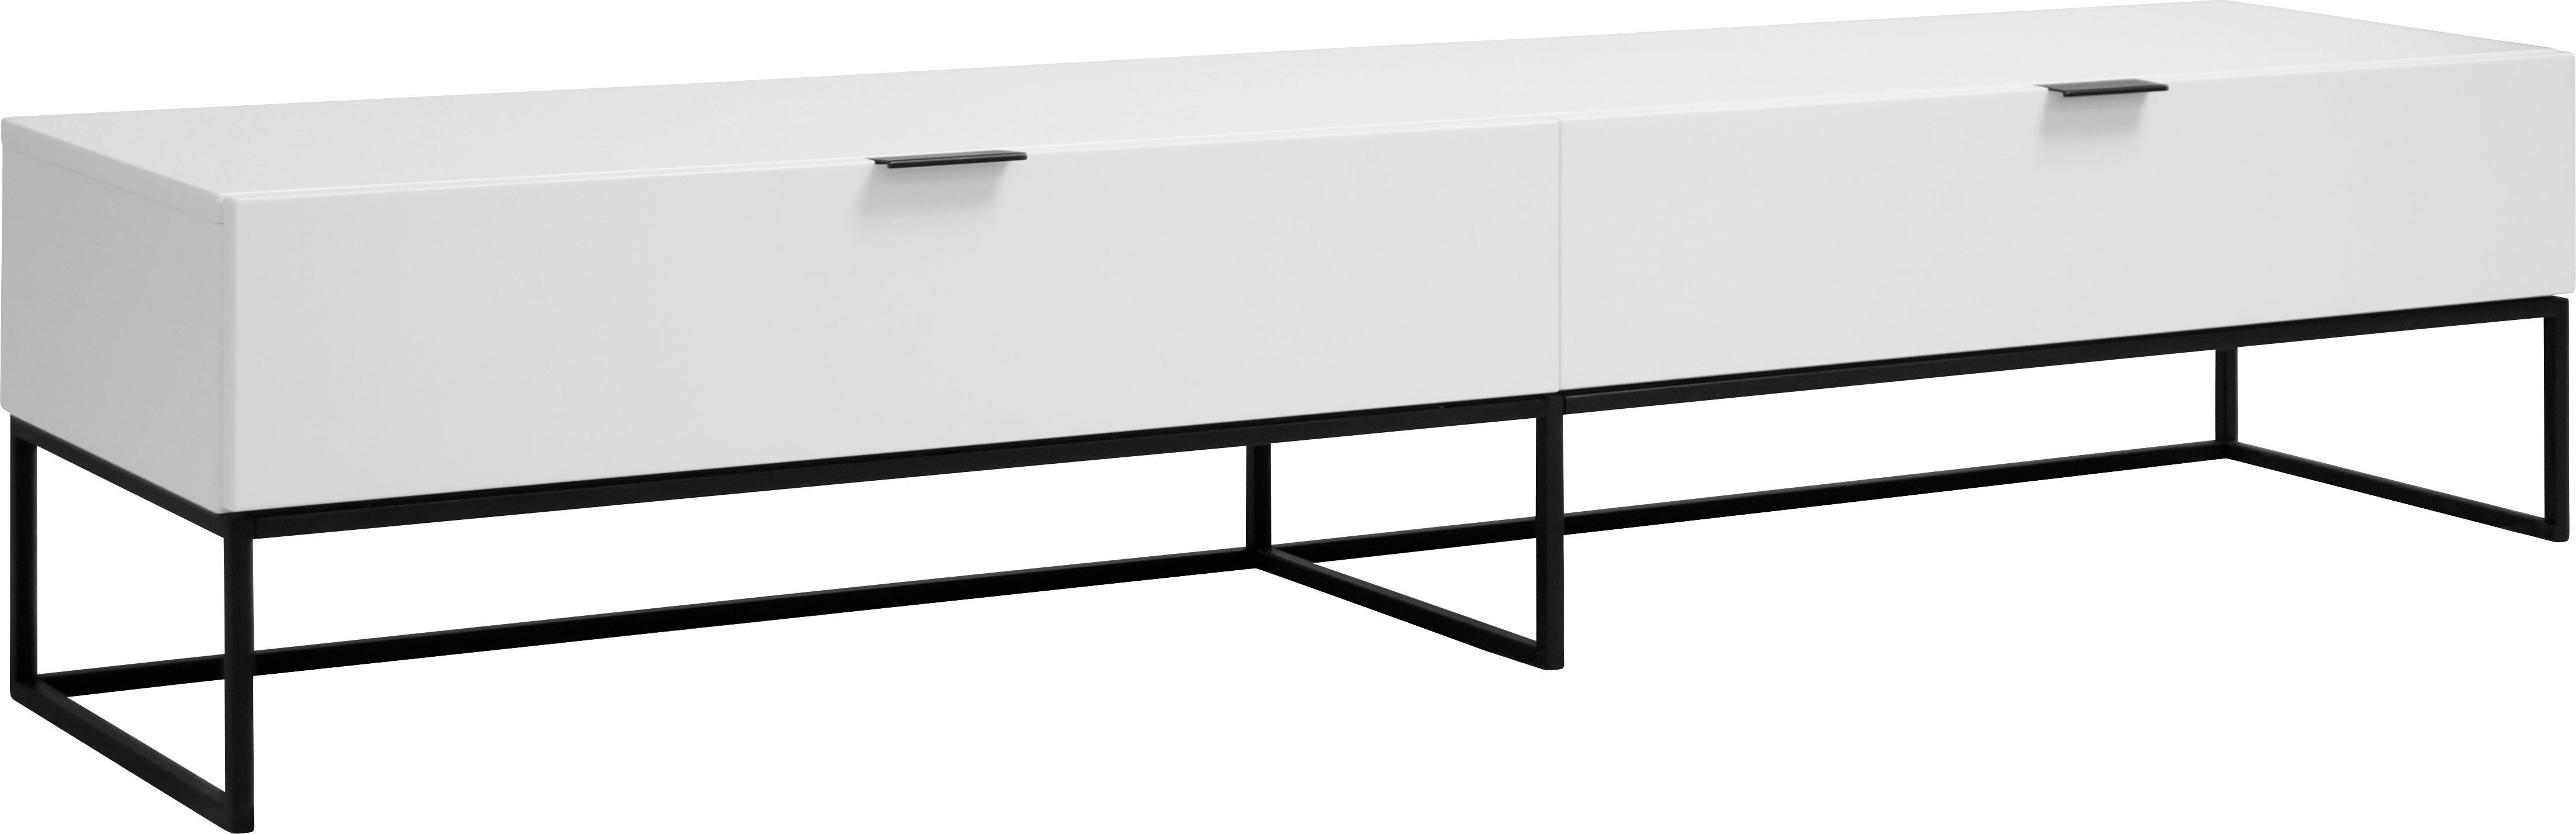 Weißes TV-Lowboard Kobe, Korpus: Weiß, matt Gestell und Griffe: Schwarz, matt, 200 x 40 cm
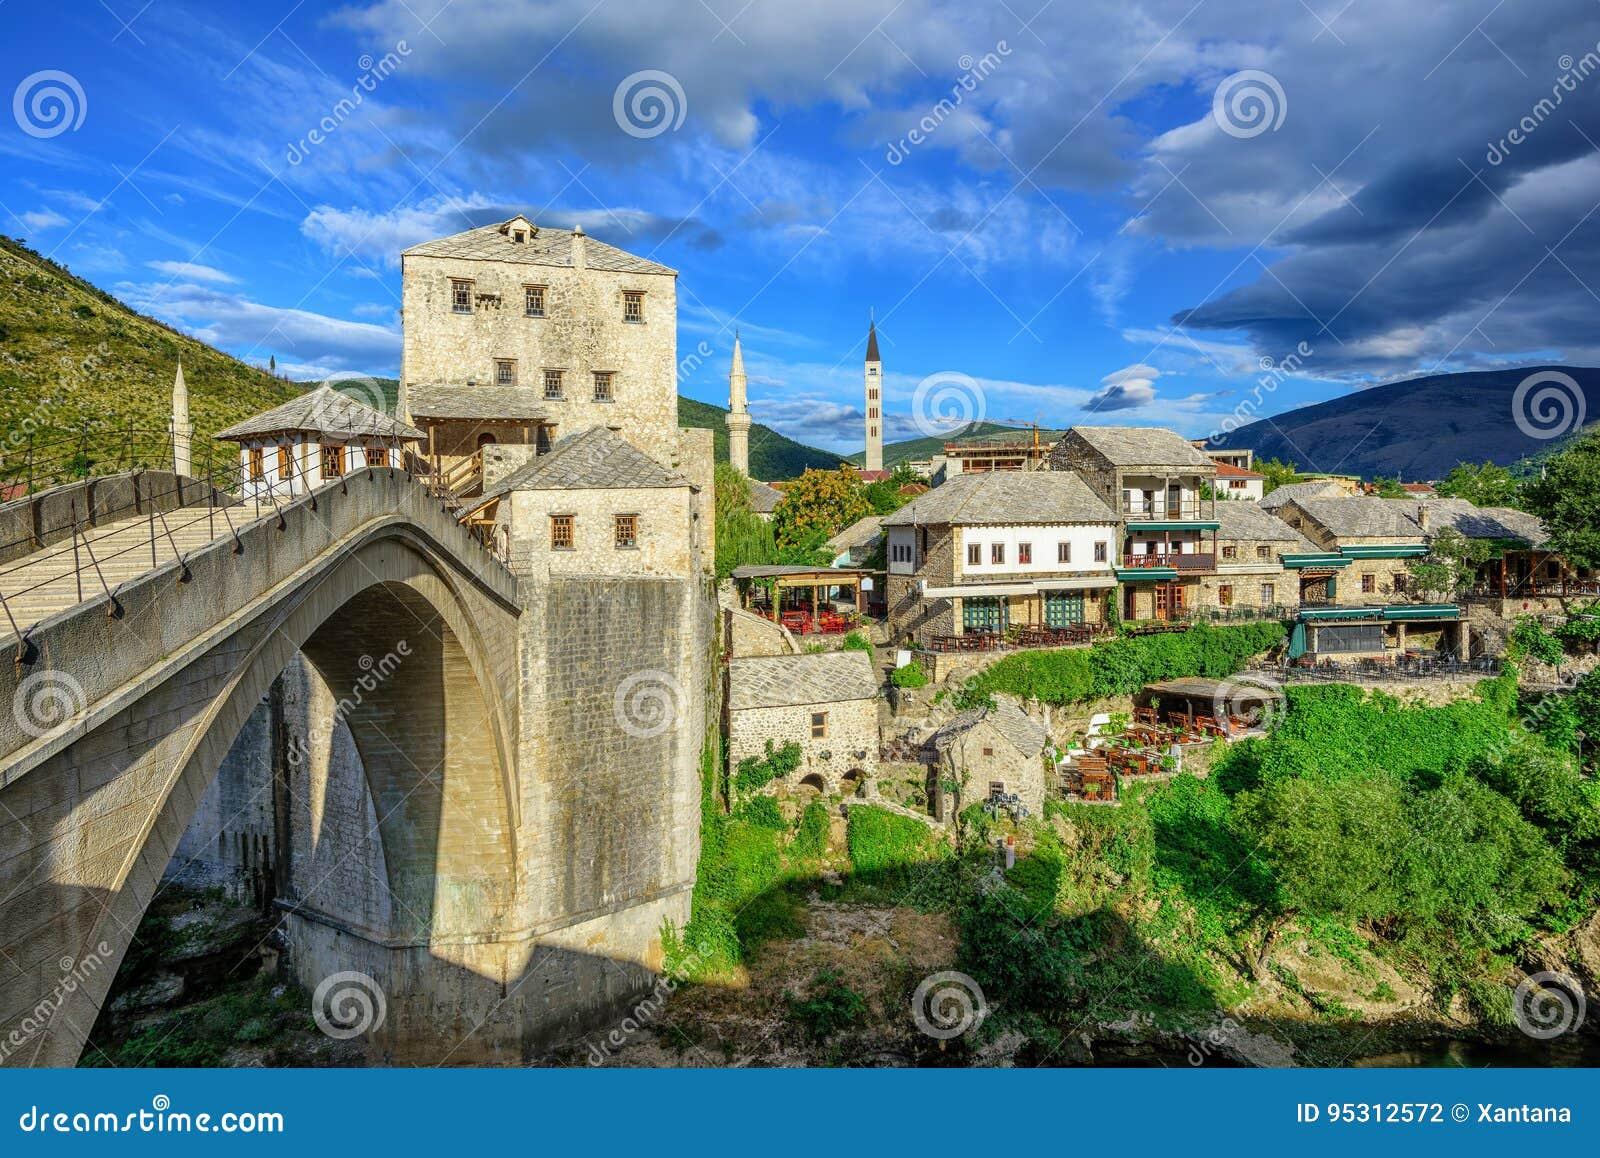 Gammal stad och bro i Mostar, Bosnien och Hercegovina
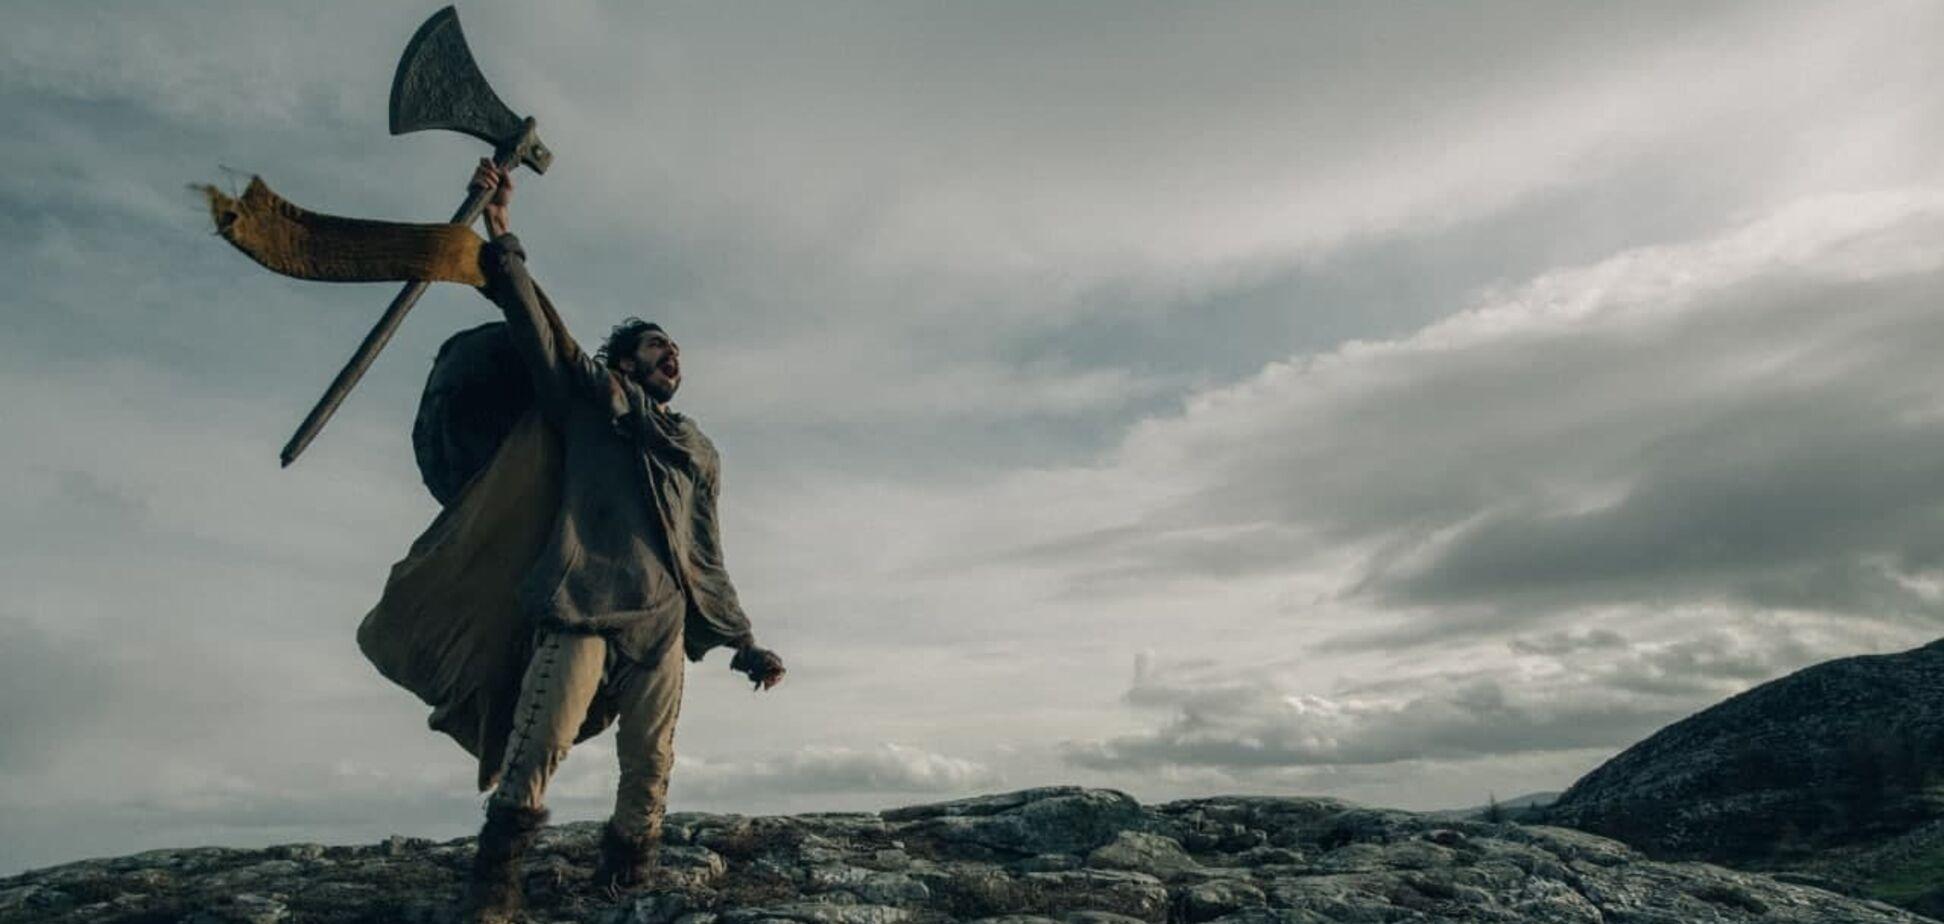 Кадр із фільму 'Легенда про Зеленого лицаря'

----

**Work required**: The copy must match the listing above exactly but contain no pictures.

**Answer to this task**:
 Weißes TV-Lowboard Kobe, Korpus: Weiß, matt Gestell und Griffe: Schwarz, matt, 200 x 40 cm
 Gammal stad och bro i Mostar, Bosnien och Hercegovina
 Кадр із фільму 'Легенда про Зеленого лицаря'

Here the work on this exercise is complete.